Exercise aim :: Give the lines again exactly as they appear below, from the line with "Disney’s Cinderella figures" to the line with "Travelwant Refrigerator Organizer", both included, and only those lines. Leave every picture out.

*** Opening of Data provided ***

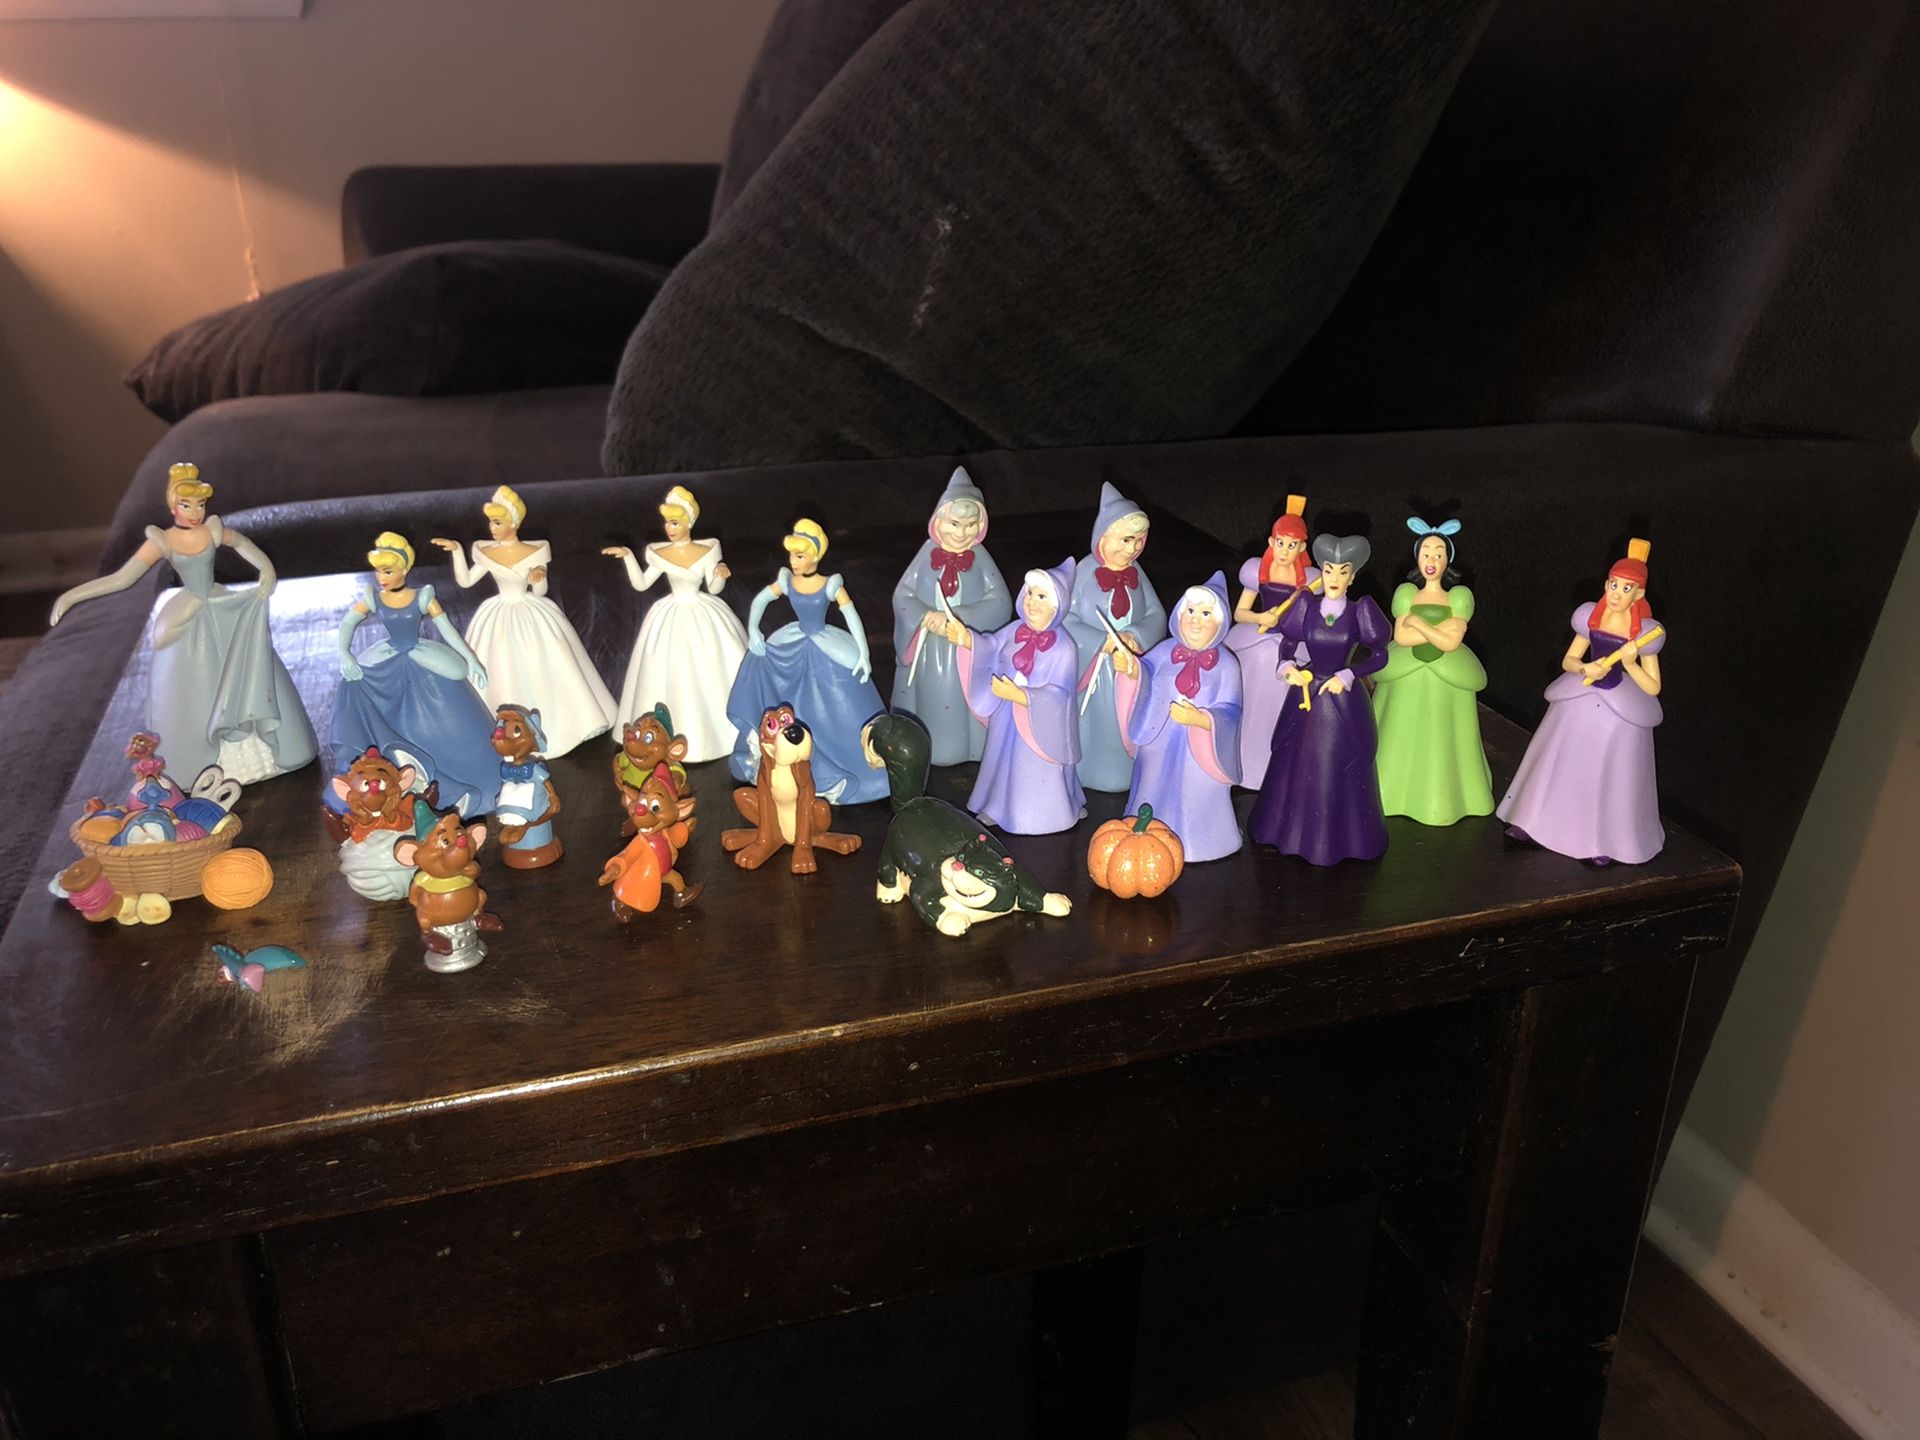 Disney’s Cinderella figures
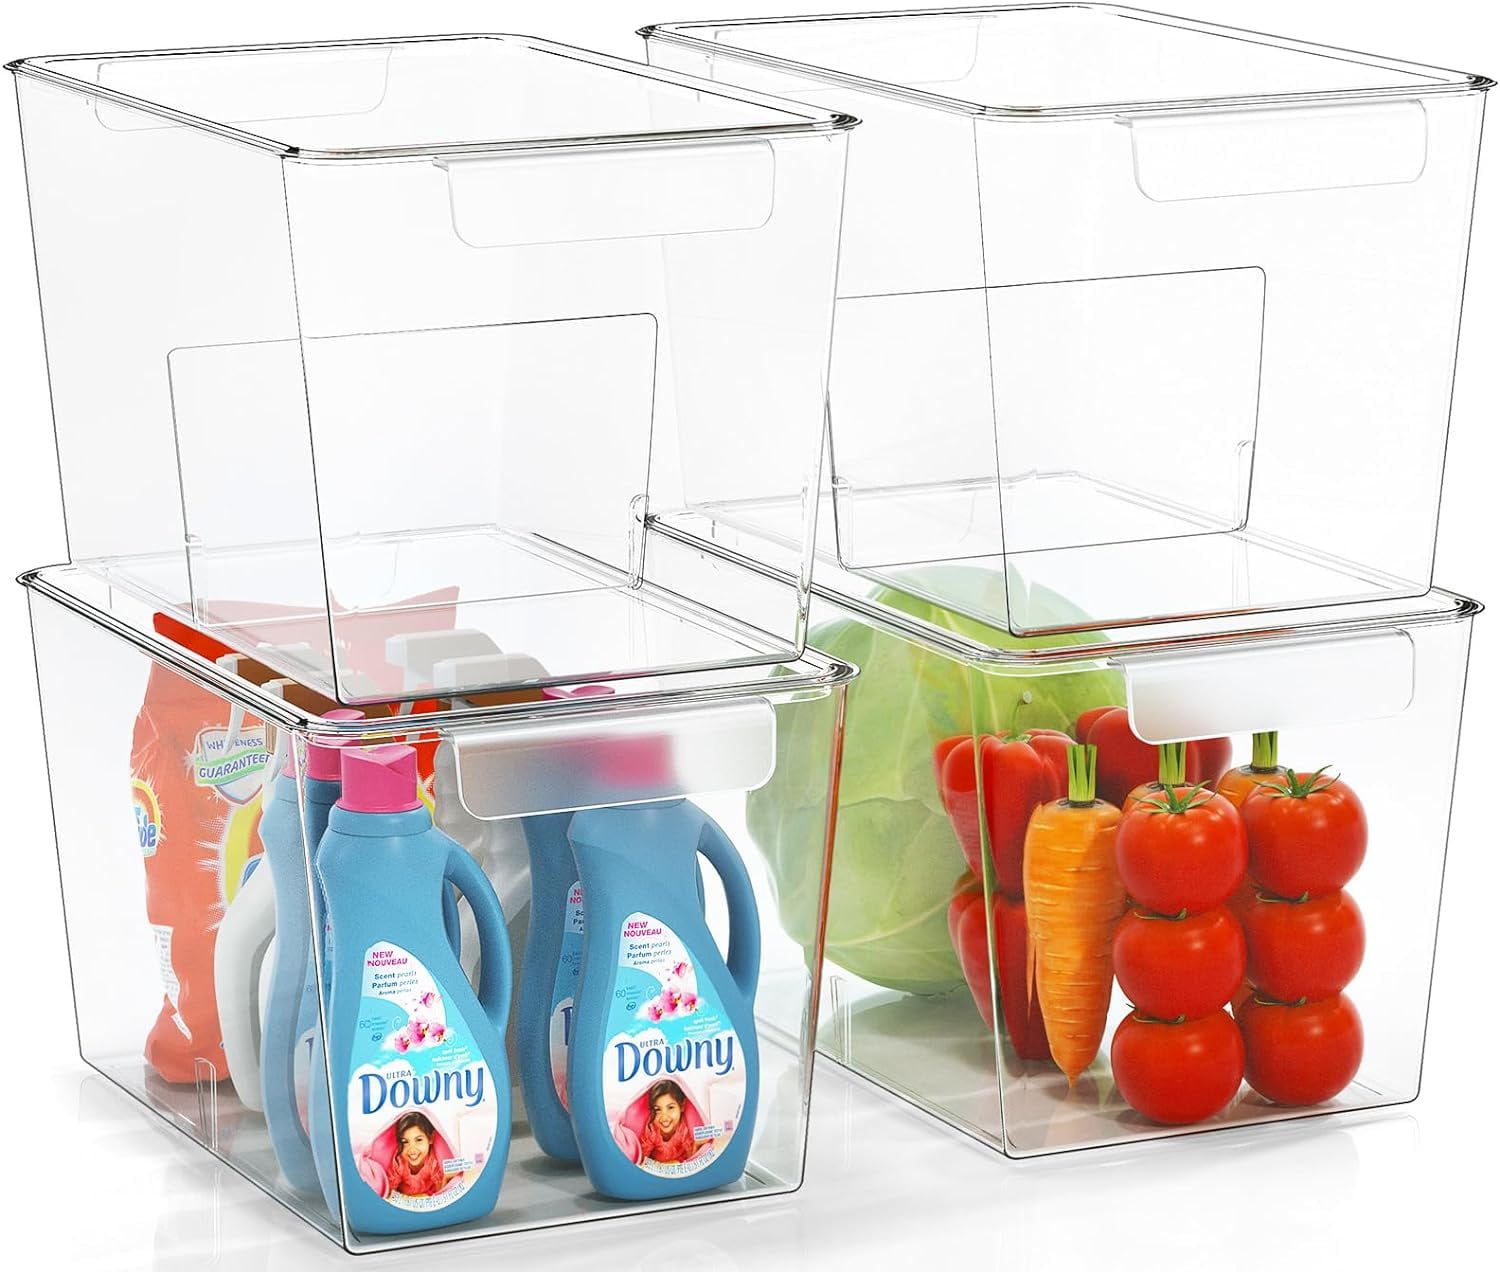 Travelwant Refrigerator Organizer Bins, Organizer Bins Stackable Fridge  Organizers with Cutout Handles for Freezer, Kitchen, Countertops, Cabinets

*** Close of Data provided ***
*** Opening of Data provided ***

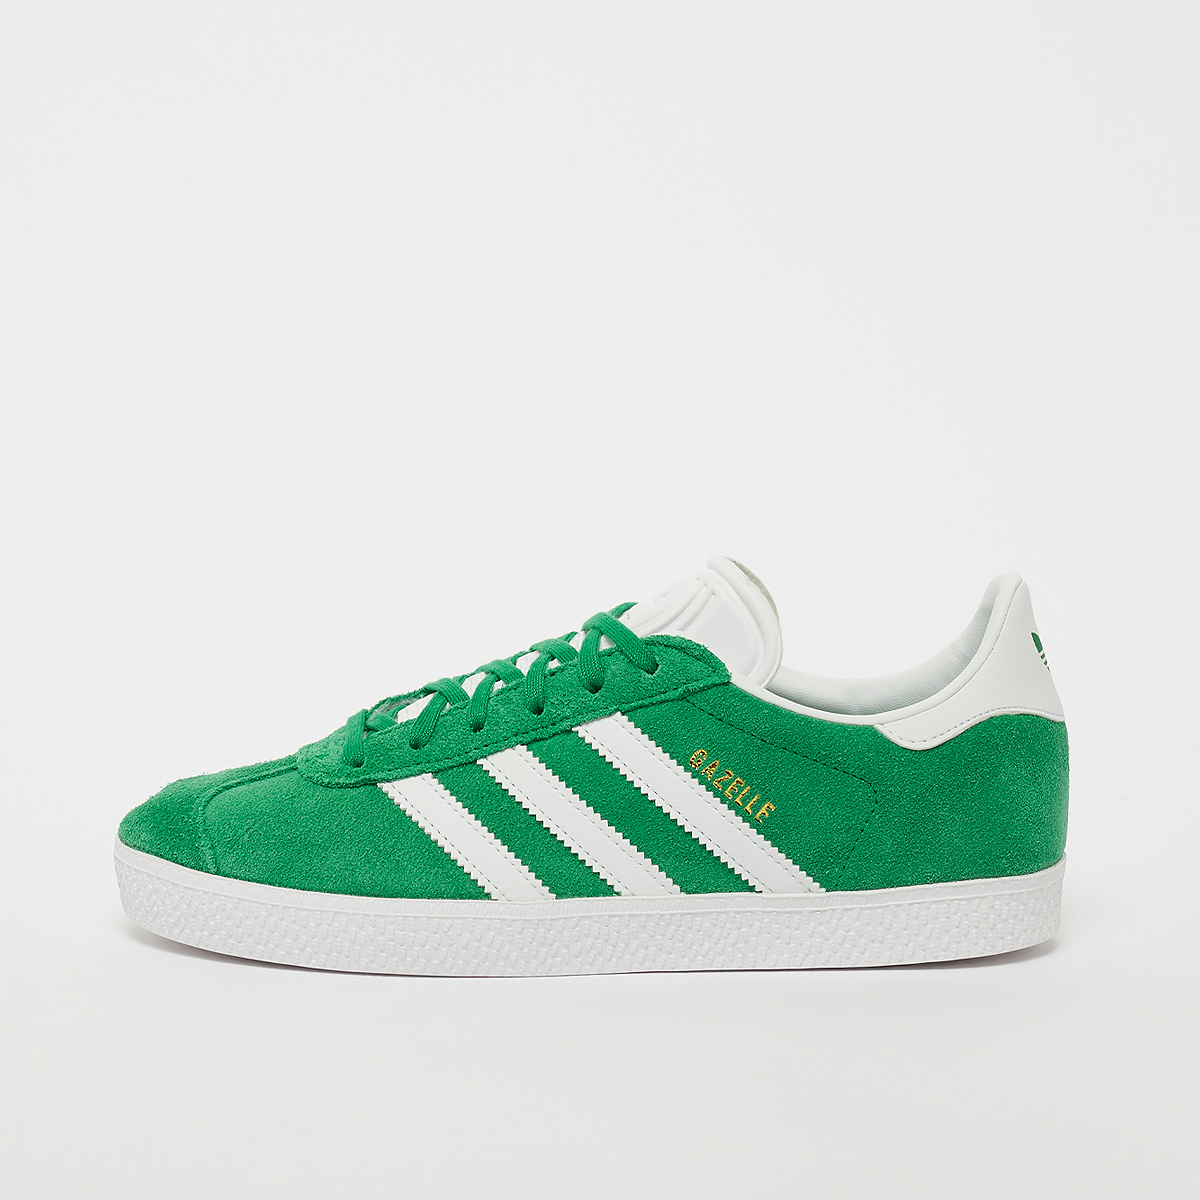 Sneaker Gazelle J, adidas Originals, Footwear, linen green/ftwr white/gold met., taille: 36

*** Close of Data provided ***

Response area ::
 Disney’s Cinderella figures
 Travelwant Refrigerator Organizer Bins, Organizer Bins Stackable Fridge  Organizers with Cutout Handles for Freezer, Kitchen, Countertops, Cabinets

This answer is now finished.